# What am I cooking?



## MrFish (Aug 21, 2009)

Jack Special?


----------



## boomshakalaka (Dec 4, 2012)

Something for the dogs?


----------



## MrFish (Aug 21, 2009)

boomshakalaka said:


> Something for the dogs?


This smells great. Whatchu talking bout?


----------



## MrFish (Aug 21, 2009)

Having a snack until it's ready.


----------



## Realtor (Oct 1, 2007)

MrFish said:


> Having a snack until it's ready.
> View attachment 1098495


I just threw up in my mouth a little


----------



## YELLOWCAT (Oct 25, 2017)

Why you wanna fuck them sardines up with jalapeños


----------



## MrFish (Aug 21, 2009)

YELLOWCAT said:


> Why you wanna fuck them sardines up with jalapeños


They're pretty good, give them a shot.


----------



## MrFish (Aug 21, 2009)

Forgot the tripe is not in the picture.


----------



## Deja vu (Jul 9, 2016)

Selma Stew


----------



## jack2 (Mar 19, 2010)

Realtor said:


> I just threw up in my mouth a little


why y'all hatin on me an josh? that's some good eats.
jack


----------



## halo1 (Oct 4, 2007)

hes probably cooking a pot luck supper to take over to the neighbors so they will never invite him again!


----------



## jack2 (Mar 19, 2010)

i just wish josh wouldn't be giving away all my country recipes.
jack


----------



## MrFish (Aug 21, 2009)

jack2 said:


> i just wish josh wouldn't be giving away all my country recipes.
> jack


Which country?


----------



## jack2 (Mar 19, 2010)

smart ass.
jack


----------



## MrFish (Aug 21, 2009)




----------



## etrade92 (Jul 30, 2015)

Well since you asked, gizzards, chard (?), romaine hearts, and lemons.


----------



## MrFish (Aug 21, 2009)

etrade92 said:


> Well since you asked, gizzards, chard (?), romaine hearts, and lemons.

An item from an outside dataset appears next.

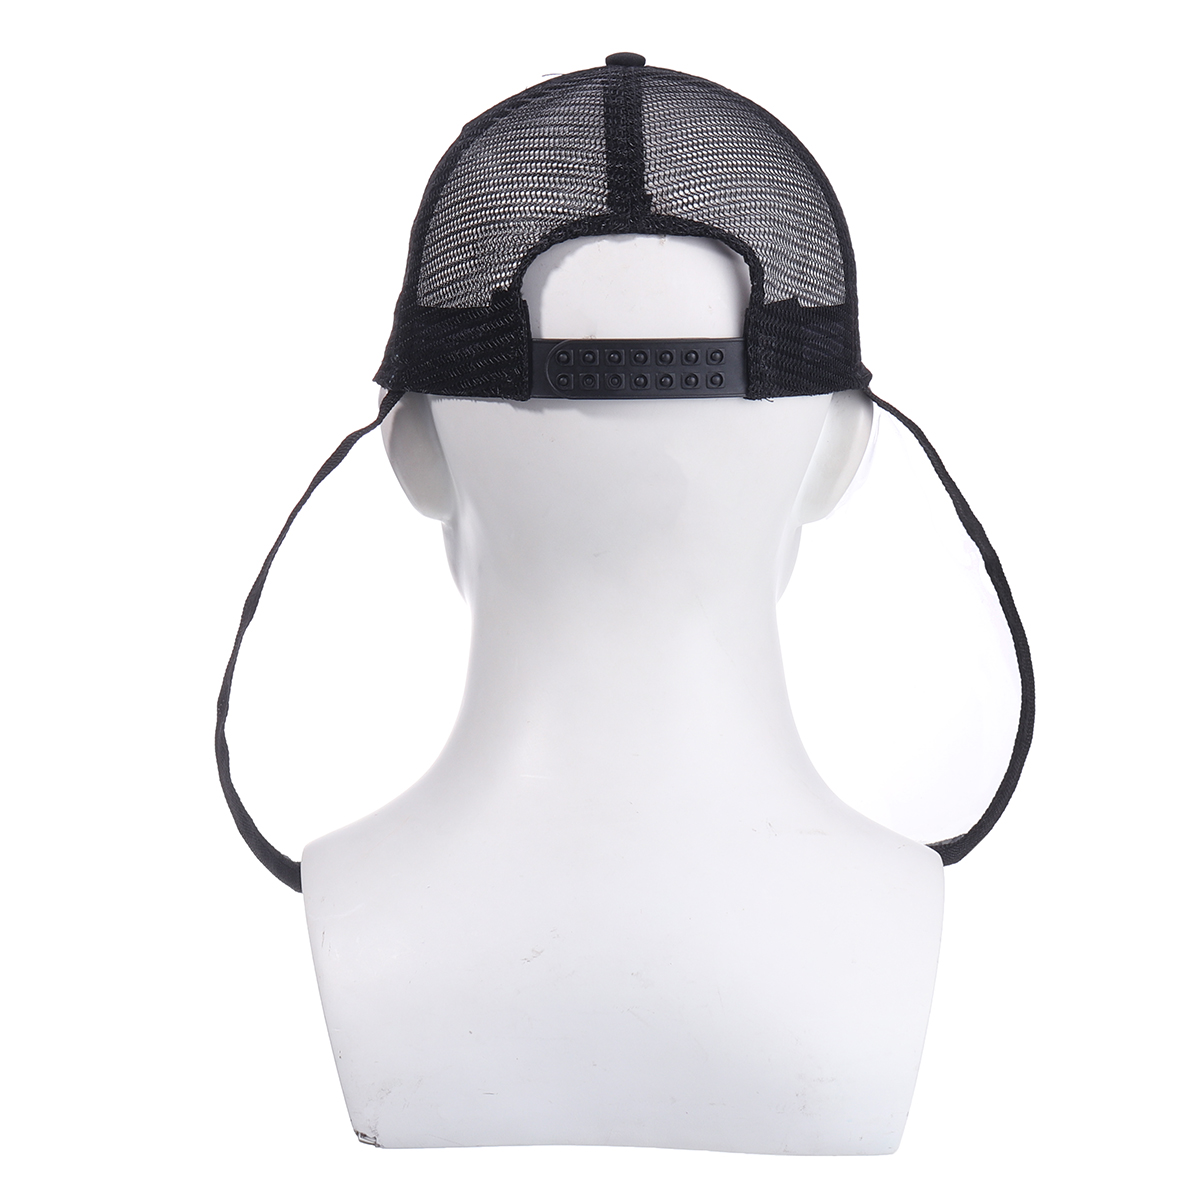 Find Anti spitting Protective Hat Dustproof Cover Peaked Cap Fisherman Sun protection for Sale on Gipsybee.com with cryptocurrencies

Fennel. Don't forget the tripe!


----------



## MrFish (Aug 21, 2009)

Deja vu said:


> Selma Stew


There a lot of Greeks in Selma?


----------



## jaster (Oct 7, 2007)

Aight, I give up. WTF is it


----------



## MrFish (Aug 21, 2009)

It's an Easter soup. I just wanted some now. Magiritsa.


----------



## jack2 (Mar 19, 2010)

i read the recipe and will try this tonight. i have most of the ingredients except for the tripe. walmart.
i don't see anything in the recipe that makes it turn white like in the pics. is it the eggs?
jack


----------



## MrFish (Aug 21, 2009)

jack2 said:


> i read the recipe and will try this tonight. i have most of the ingredients except for the tripe. walmart.
> i don't see anything in the recipe that makes it turn white like in the pics. is it the eggs?
> jack


Egg and lemon sauce added after it's cooked.


----------



## MrFish (Aug 21, 2009)

1 tray of tripe
1 tray of gizzards
2 heads of romaine
1 fennel bulb
1 bunch of scallions
olive oil
5 lemons
2 eggs

Dice the tripe and gizzards, then put boil them until tender in some salted water. Strain the meat out and reserve the water.
Add the olive oil and meat back to the pot and brown. Chop the 2 heads of romaine and the green part of the fennel. After that add the romaine and scallions until the romaine is wilted. Then add the broth back, keeping a cup or two to the side.
In a mixer, blend the 2 eggs and then slowly pour in the lemon juice. Once that is mixed, slowly blend the remaining broth into the eggs and lemon, making sure it is not hot enough to cook the eggs.
After the meat and romaine has finished cooking, slowly pour the egg and lemon sauce into the soup while mixing.


----------



## jack2 (Mar 19, 2010)

yep, that's pretty close to the recipe i pulled up. i'm headed to walmart for some tripe. and natty.
i think some deer heart, liver, and kidney would be good, too since it calls for lamb offal.
jack


----------



## Deja vu (Jul 9, 2016)

MrFish said:


> There a lot of Greeks in Selma?


Don't know but it looks like there is some Selma in the Greek for sure ... the ingredients look the same. 
last time i was in Selma was about 1981 delivering food to stores while driving a Lewis Bear Semi


----------